In this data-crazed era, businesspeople are prone to assume that data and strategy are closely related — or in some extreme interpretations, even synonymous. Vendors, technologists and executives all seem equally convinced that data is key to realizing strategic advantage, and that by immersing themselves in data, companies will improve across the board in efficiency, productivity and competitiveness. The existence of young, flourishing, data-driven companies like Google and Facebook helps strengthen this impression.

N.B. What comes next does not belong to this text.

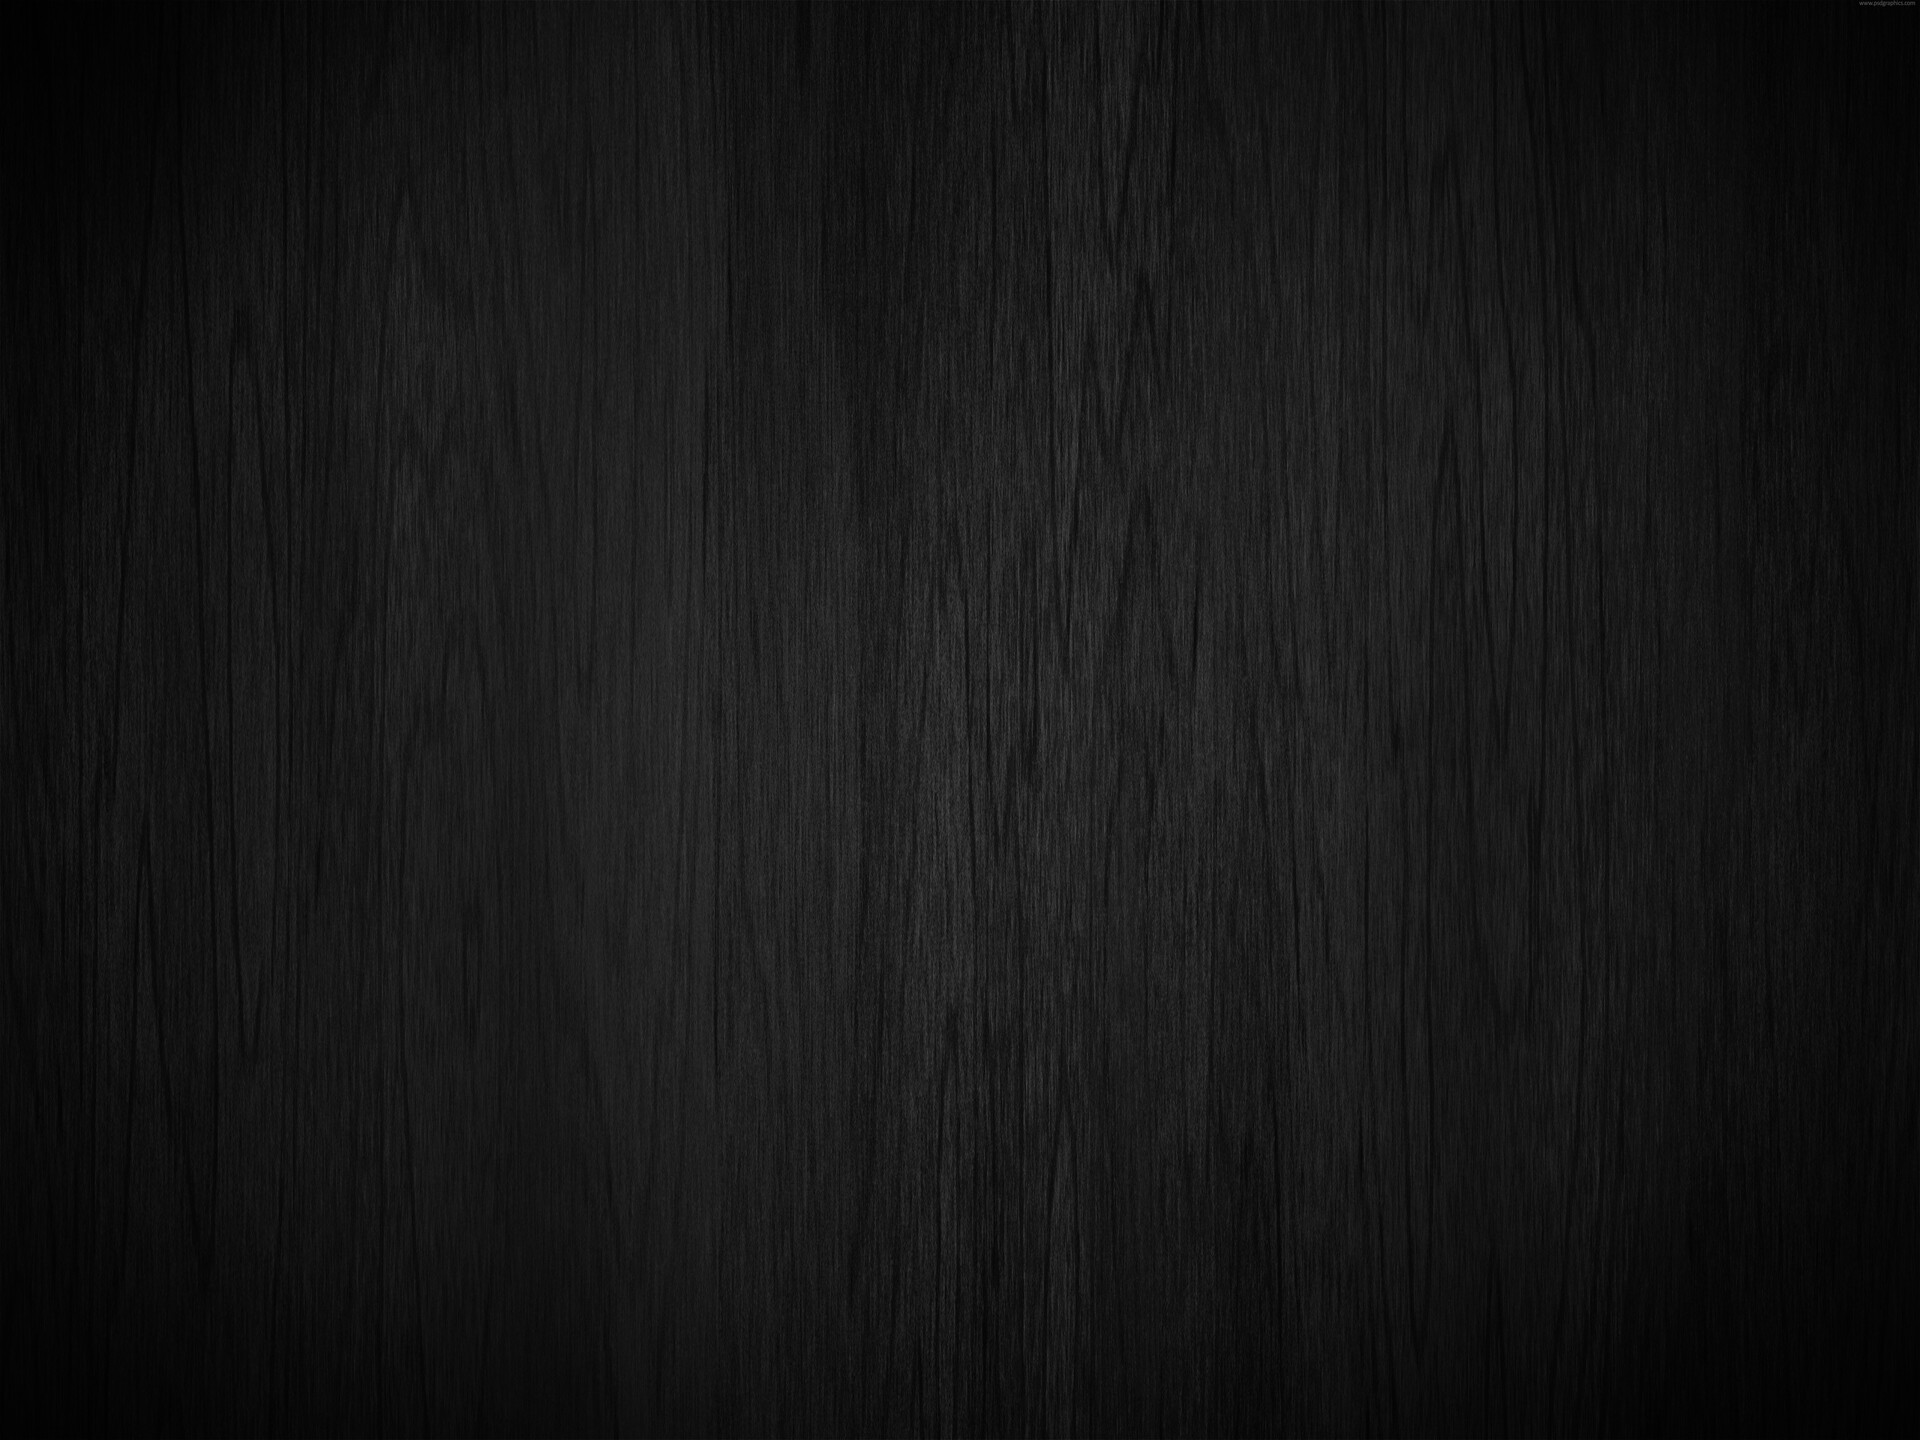 40 họa tiết gỗ đen là bảo bối không thể thiếu đối với bất kỳ người yêu thích thiết kế nội thất nào. Các kiểu vân gỗ độc đáo và tinh tế trên nền đen sẽ tạo ra một vẻ đẹp đầy thú vị và độc đáo cho bất kỳ sản phẩm nào. Hãy cùng khám phá 40 họa tiết gỗ đen để tìm thấy nguồn cảm hứng cho thiết kế của bạn.

In practice, however, data and strategy are not easy and intuitive to reconcile. The discipline of business data analysis has developed in IT, finance, and other internal departments where it is most often a form of cyclical reporting. Business strategy has grown up separately as an academic and somewhat abstract branch of knowledge. Generally speaking the business executives and consultants most likely to drive strategy work have been situated far from the data. A true reconciliation of these disciplines has never really taken place.
Business strategy as we understand it today came to fruition in the 60s, 70s, and 80s, a history richly chronicled by Walter Kiechel in his book The Lords of Strategy. The original groundbreaking strategy work of people like Bruce Henderson and Michael Porter was fairly empirical and grounded in primary research. But these strategy pioneers were also marketers and salespeople for their own firms and consulting practices. As their theories and methods spread through the business world, they drifted further and further from their empirical roots. Business strategy became more like a folkloric practice based on high-level models, such as the BCG Matrix or Porter’s Five Forces. These models, while intellectually interesting and often useful, were not rigorously tested or supported with data as they were applied to the situations of individual companies.
The gap between these disciplines no longer makes practical or economic sense. In an age of proliferating data and cheap processing power, it should be possible to bring data analysis and business strategy into much closer alignment. We have the data, we have the strategic literature. What we don’t have is practitioners committed to working across these disciplines in a careful and thoughtful way.
I don’t believe that big data — or even traditional enterprise data — will yield up its potential value until it is wedded to strategy. Data most certainly does not speak for itself. Without context, it is meaningless; and without an interpretive framework, it cannot drive decision-making. As the history of departmental BI shows, without strategy data analysis tends to devolve into a bland form of non-financial accounting, generating lots of reports but not much insight or action. Data analysis performed without strategy is the reason that so many organizations complain, even today, that “We have all this data, but we don’t know what to do with it.”
A rapprochement of data and strategy, in contrast, would raise the bar for both disciplines. The use of a strategic frame would force us to think about how we acquire, interpret, and apply data, and free us from the bureaucratic disease of report proliferation. Conversely, the use of data would make strategy more empirical and impose greater rigor on a field that often hovers at the level of folk practice.